# Find largest square number - without using calculator

• Mar 31st 2011, 11:30 PM
mathguy80
Find largest square number - without using calculator
Hey All,

This problem must be done without the use of a calculator. I am able to guesstimate my way to a close enough answer but need some help to improve this.

If n is the largest square number such that $\displaystyle s \leq n$, find s when

(i) $\displaystyle n = 6.4 \times 10^{3}$

(ii) $\displaystyle n = 6.4 \times 10^{6}$

I got (i) $\displaystyle s = 6400$ easily since its a perfect square,

For (ii) I wrote the number as $\displaystyle 64 \times 10^{4} \times 10$

Then nearest perfect square close to 10 is 9, so $\displaystyle s \approx 8^{2} \times 100^{2} \times 3^{2}$

From there I figured that the number is between $\displaystyle 2400^{2}$ and further got to $\displaystyle s = 2500^{2} = 6250000$

The problem is that the required answer is $\displaystyle 6395841$ and the weight-age is only 1 mark. Using the calculator suggests this is the exactly correct answer.

But since this is a non-calculator use problem, leads me to believe I am missing an obvious/simpler/faster way of getting there. What am I missing?

Thanks again for all your help.
• Apr 1st 2011, 02:31 AM
earboth
Quote:

Originally Posted by mathguy80
Hey All,

This problem must be done without the use of a calculator. I am able to guesstimate my way to a close enough answer but need some help to improve this.

If n <-- typo? Shouldn't that be s? is the largest square number such that $\displaystyle s \leq n$, find s when

(i) $\displaystyle n = 6.4 \times 10^{3}$

(ii) $\displaystyle n = 6.4 \times 10^{6}$

I got (i) $\displaystyle s = 6400$ easily since its a perfect square,

For (ii) I wrote the number as $\displaystyle 64 \times 10^{4} \times 10$

Then nearest perfect square close to 10 is 9, so $\displaystyle s \approx 8^{2} \times 100^{2} \times 3^{2}$

From there I figured that the number is between $\displaystyle 2400^{2}$ and further got to $\displaystyle s = 2500^{2} = 6250000$

The problem is that the required answer is $\displaystyle 6395841$ and the weight-age is only 1 mark. Using the calculator suggests this is the exactly correct answer.

But since this is a non-calculator use problem, leads me to believe I am missing an obvious/simpler/faster way of getting there. What am I missing?

Thanks again for all your help.

I'm only guessing:

$\displaystyle 6.4 \cdot 10^6 = 640 \cdot 100^2$

So $\displaystyle 25 < a < 26$ (see attachment)
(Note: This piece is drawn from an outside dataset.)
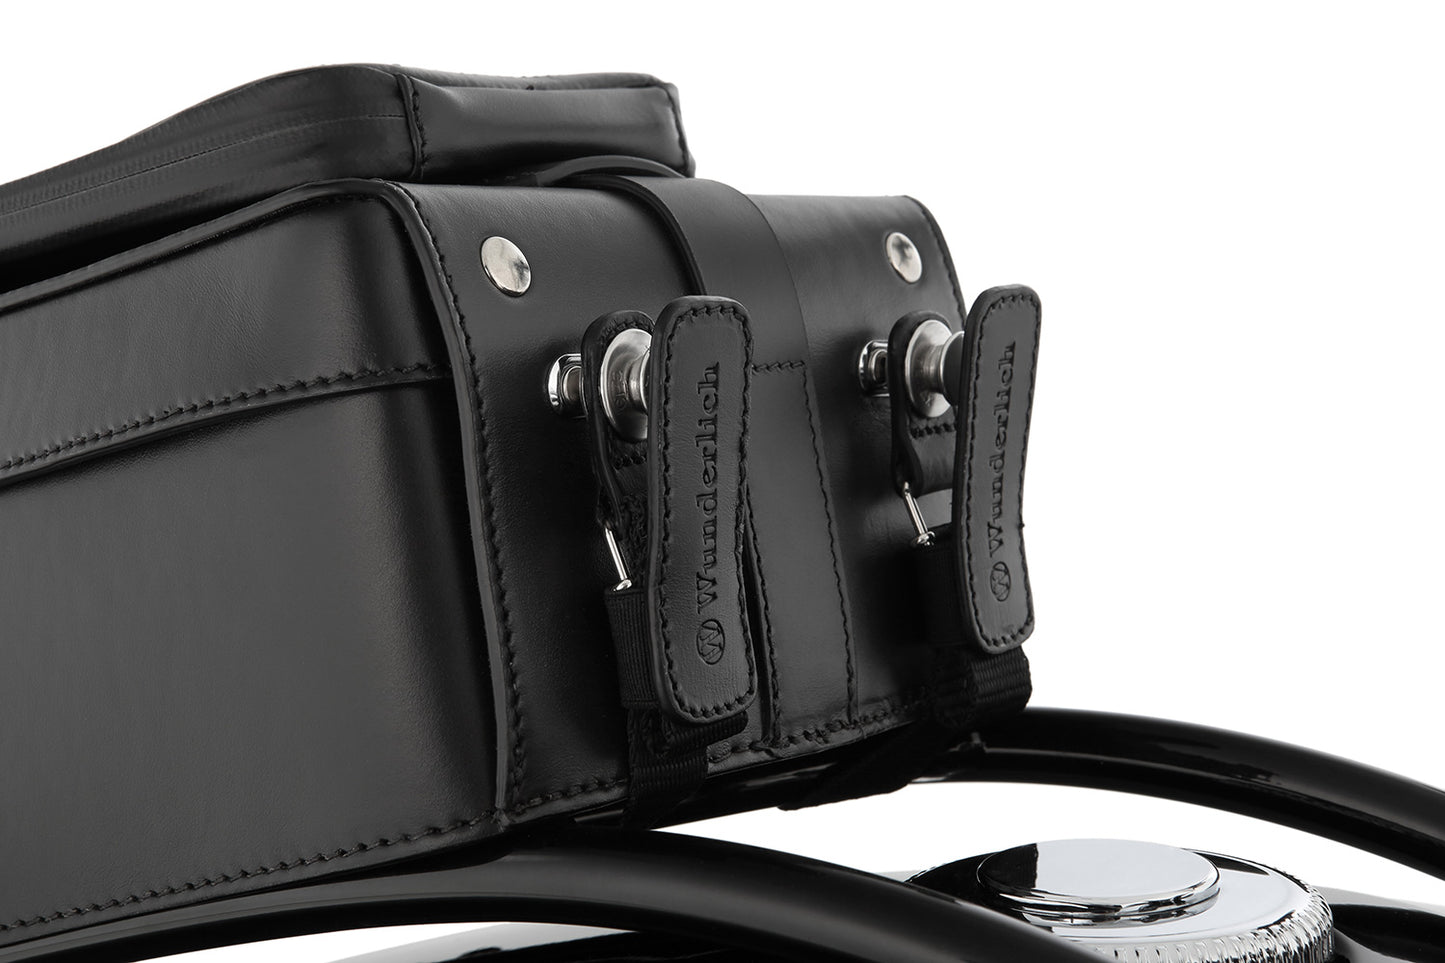 Wunderlich leather bag set »CLASSIC« for tank rails - black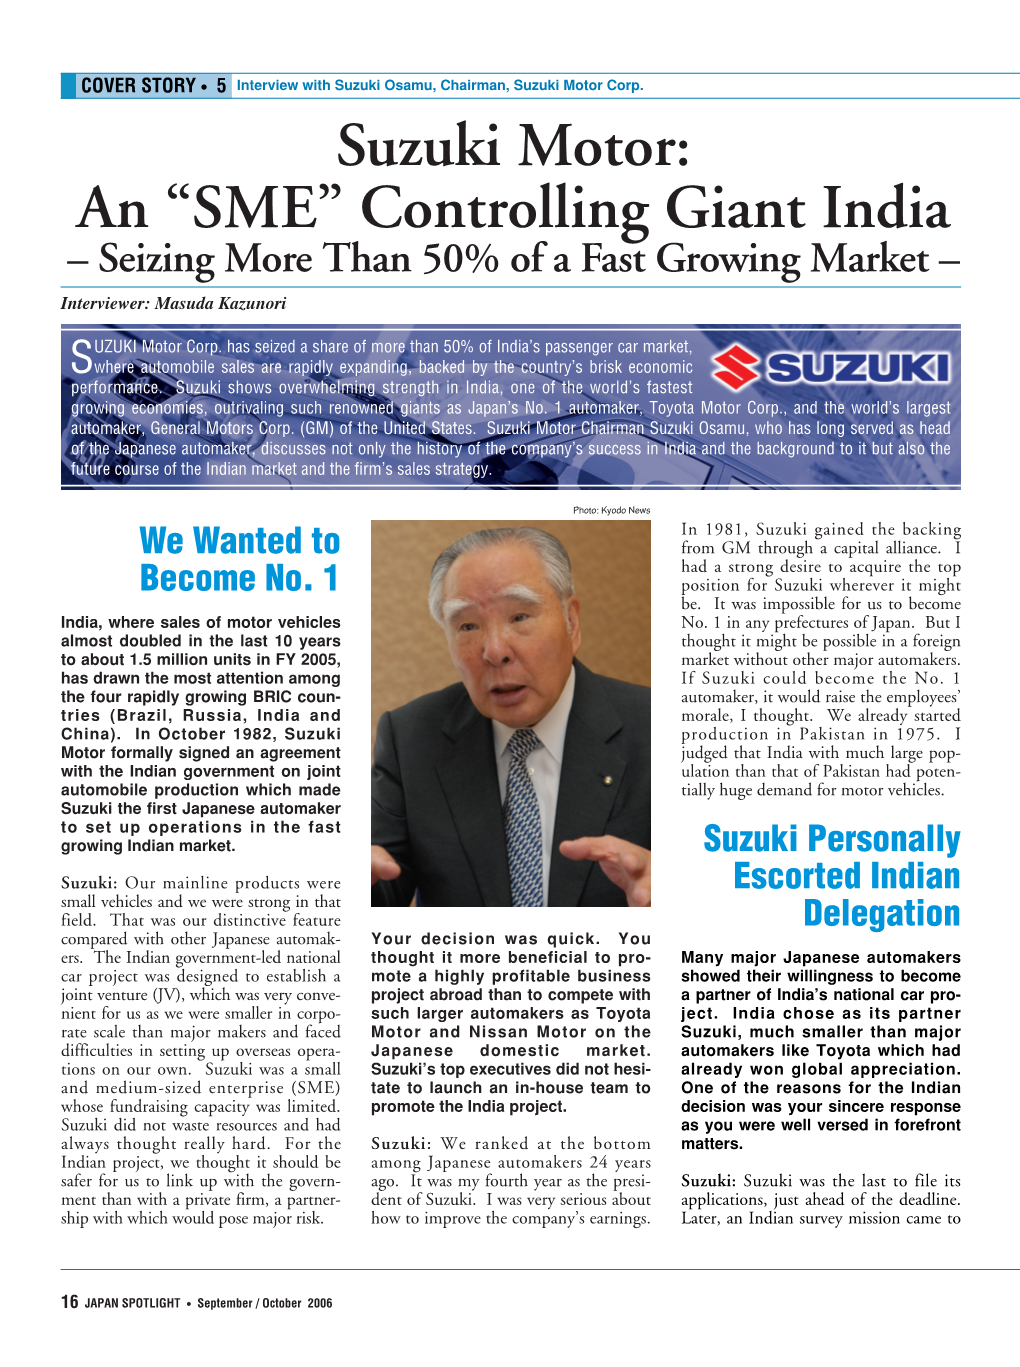 Suzuki Motor: an “SME” Controlling Giant India – Seizing More Than 50% of a Fast Growing Market – Interviewer: Masuda Kazunori

Use linear interpolation. According to my sketch $\displaystyle a \approx 25 + \frac{15}{51}$

Since you multiply the apprximate value of a by 100 to get s you only have to calculate the first two digits of $\displaystyle \frac{15}{51} = 0.29$

Thus $\displaystyle a = 25.29~\implies~s=2529$
• Apr 1st 2011, 07:12 AM
mathguy80
Awesome @earboth! A much clearer and very elegant solution. Learning something new everyday here. Thanks again!